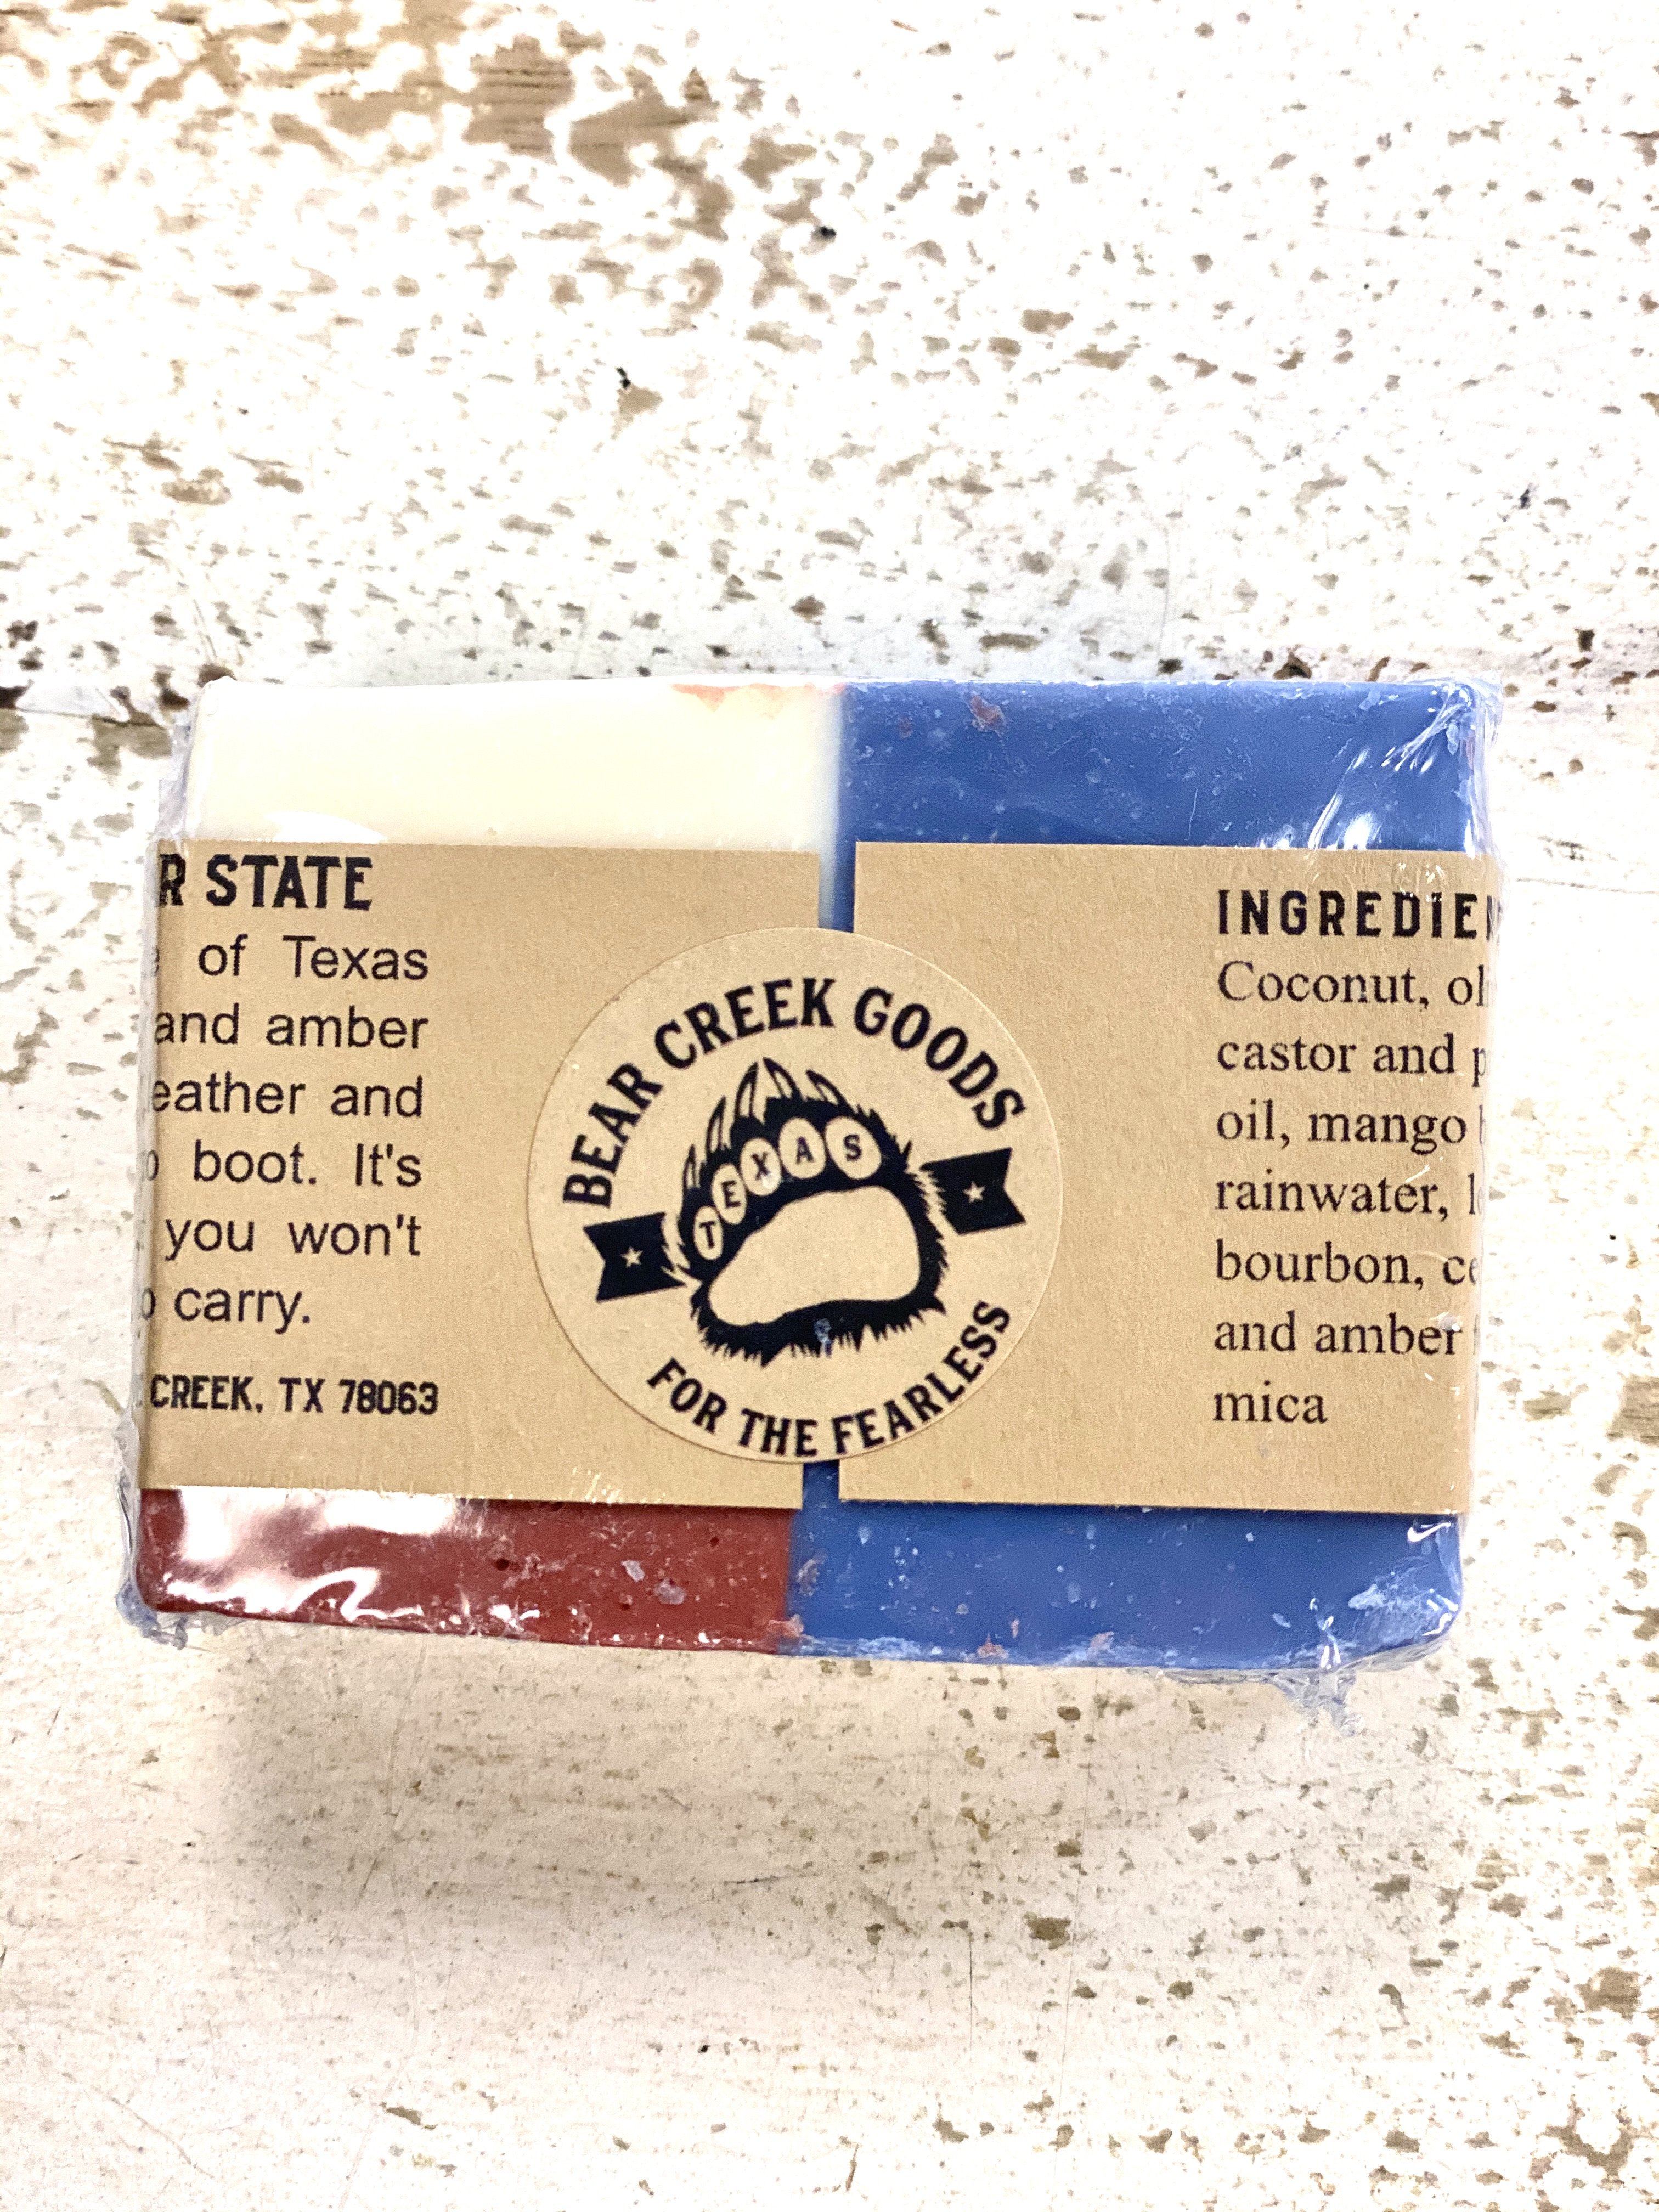 Bear Creek Goods - Lone Star Soap Bar
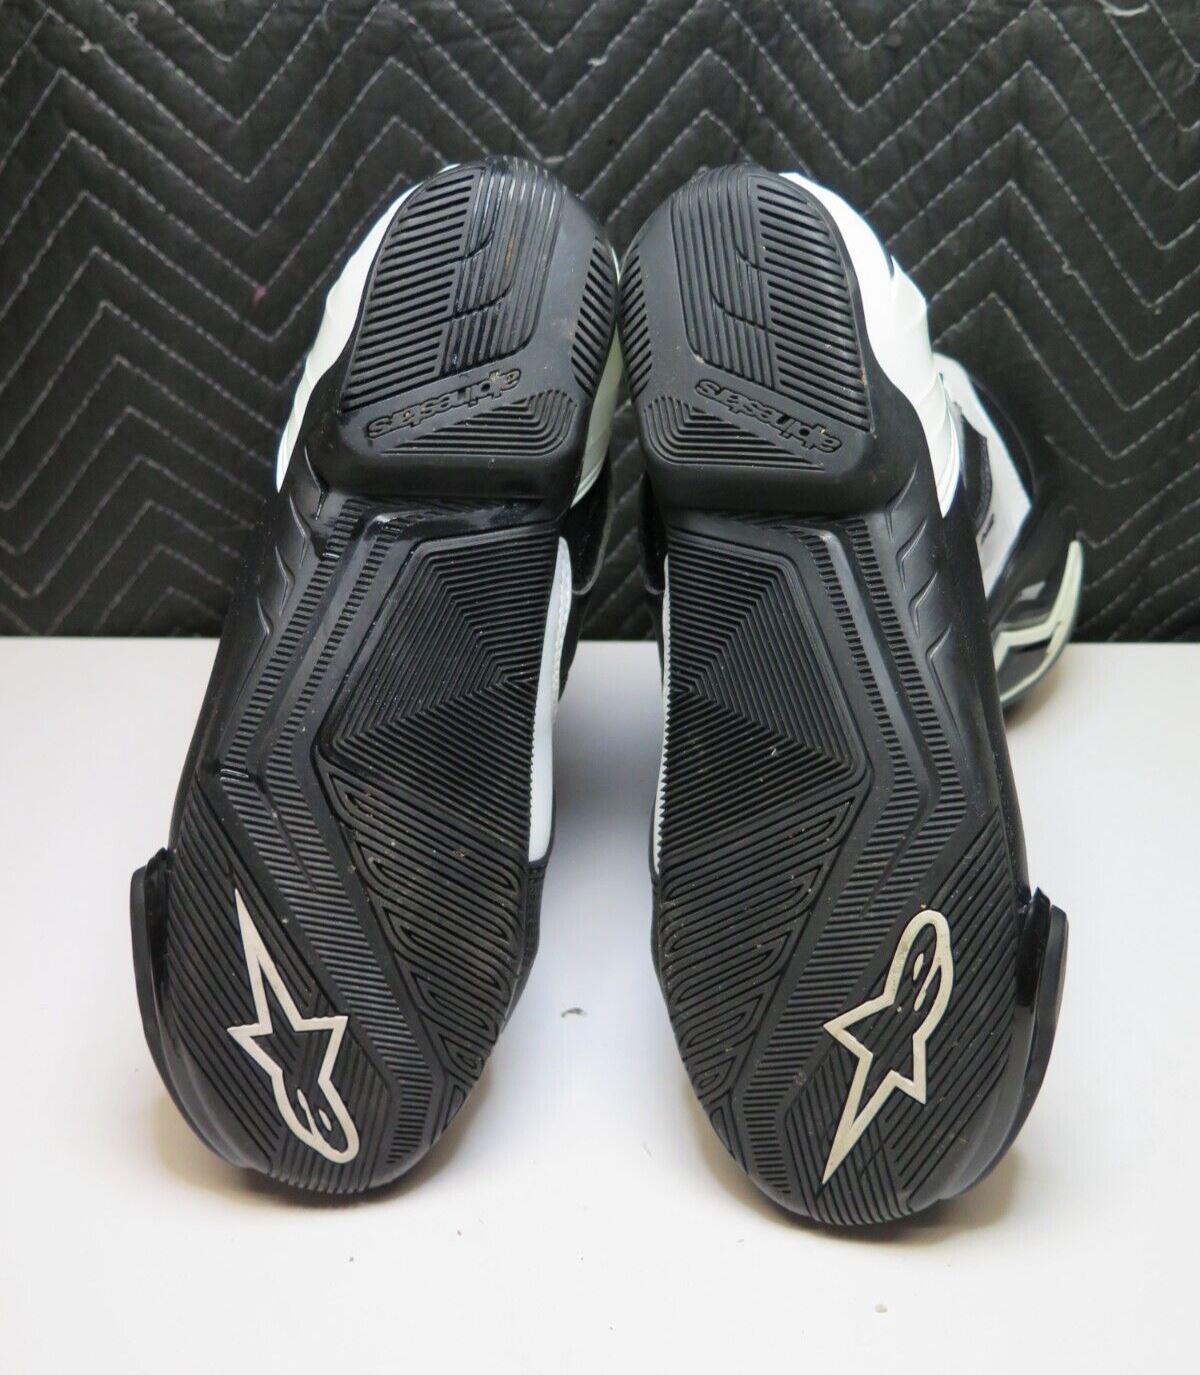 Alpinestars SMX S Men's Boots White/Black US Size 9.5 Euro 44 - Hardly worn
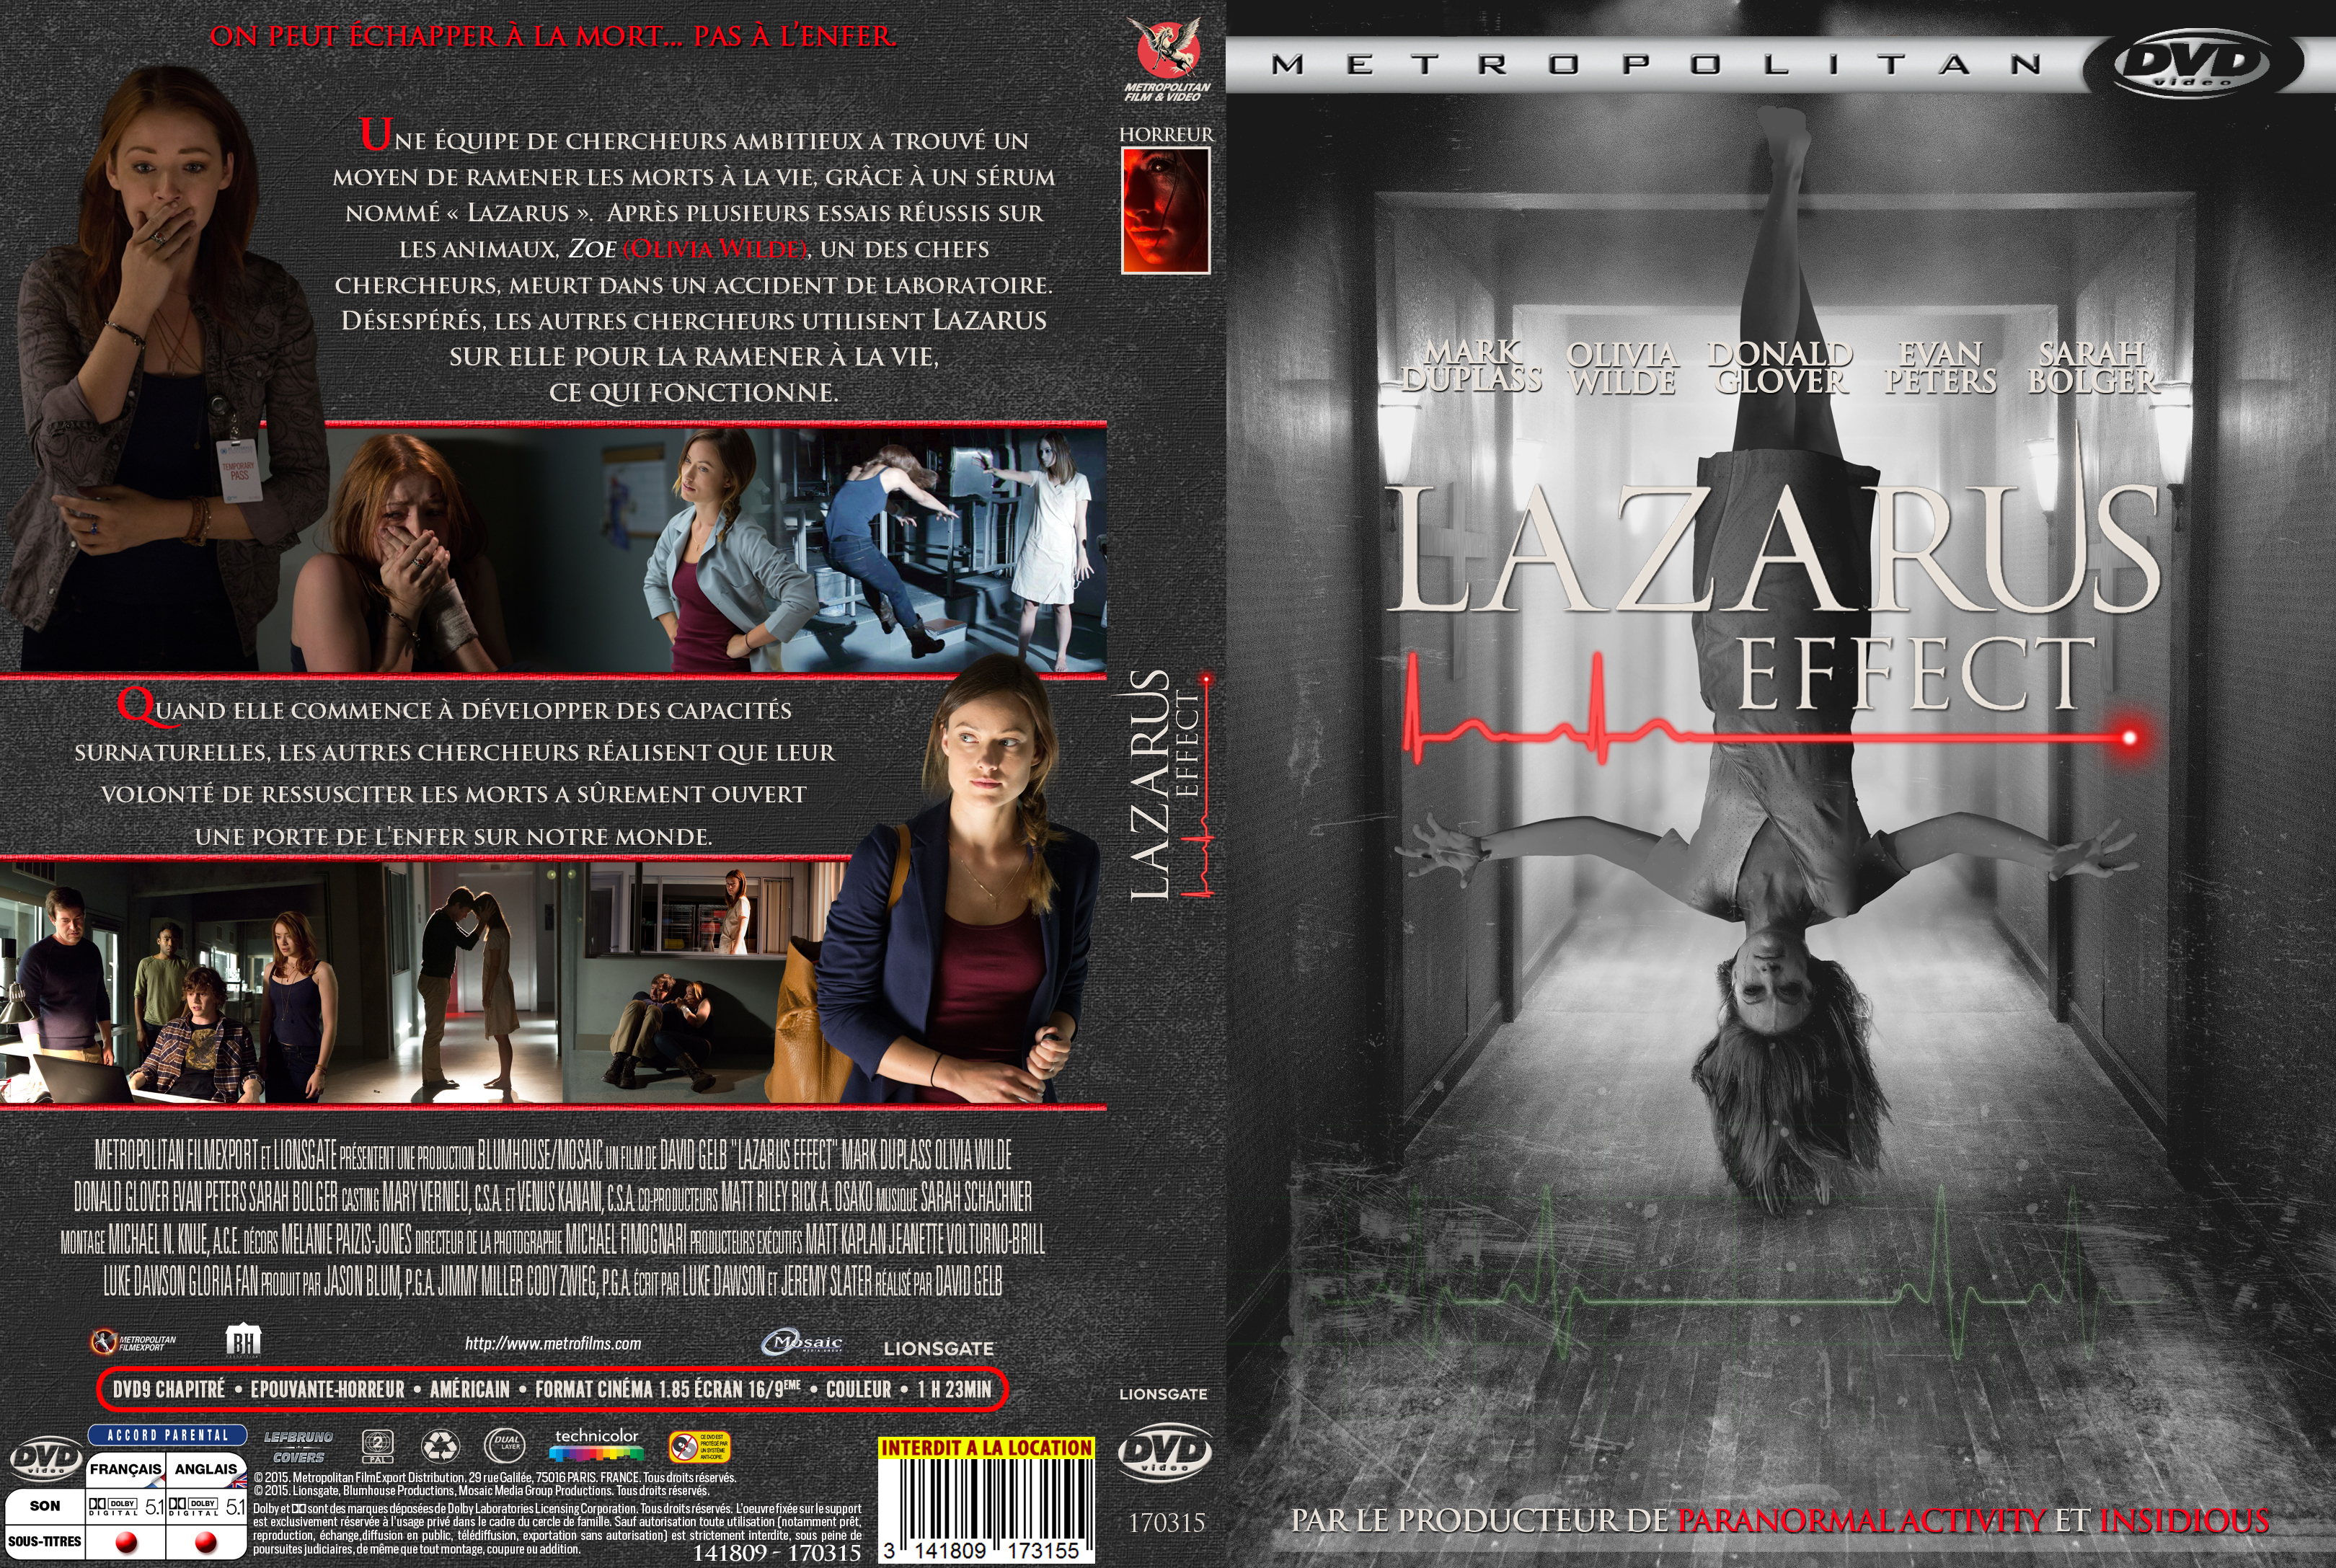 Jaquette DVD Lazarus Effect custom

++++++++++

With the pictures left out, return the listing above exactly as it stands.

◆ OUTPUT OF THE TASK
 Bear Creek Goods - Lone Star Soap Bar
 Alpinestars SMX S Men's Boots White/Black US Size 9.5 Euro 44 - Hardly worn
 Jaquette DVD Lazarus Effect custom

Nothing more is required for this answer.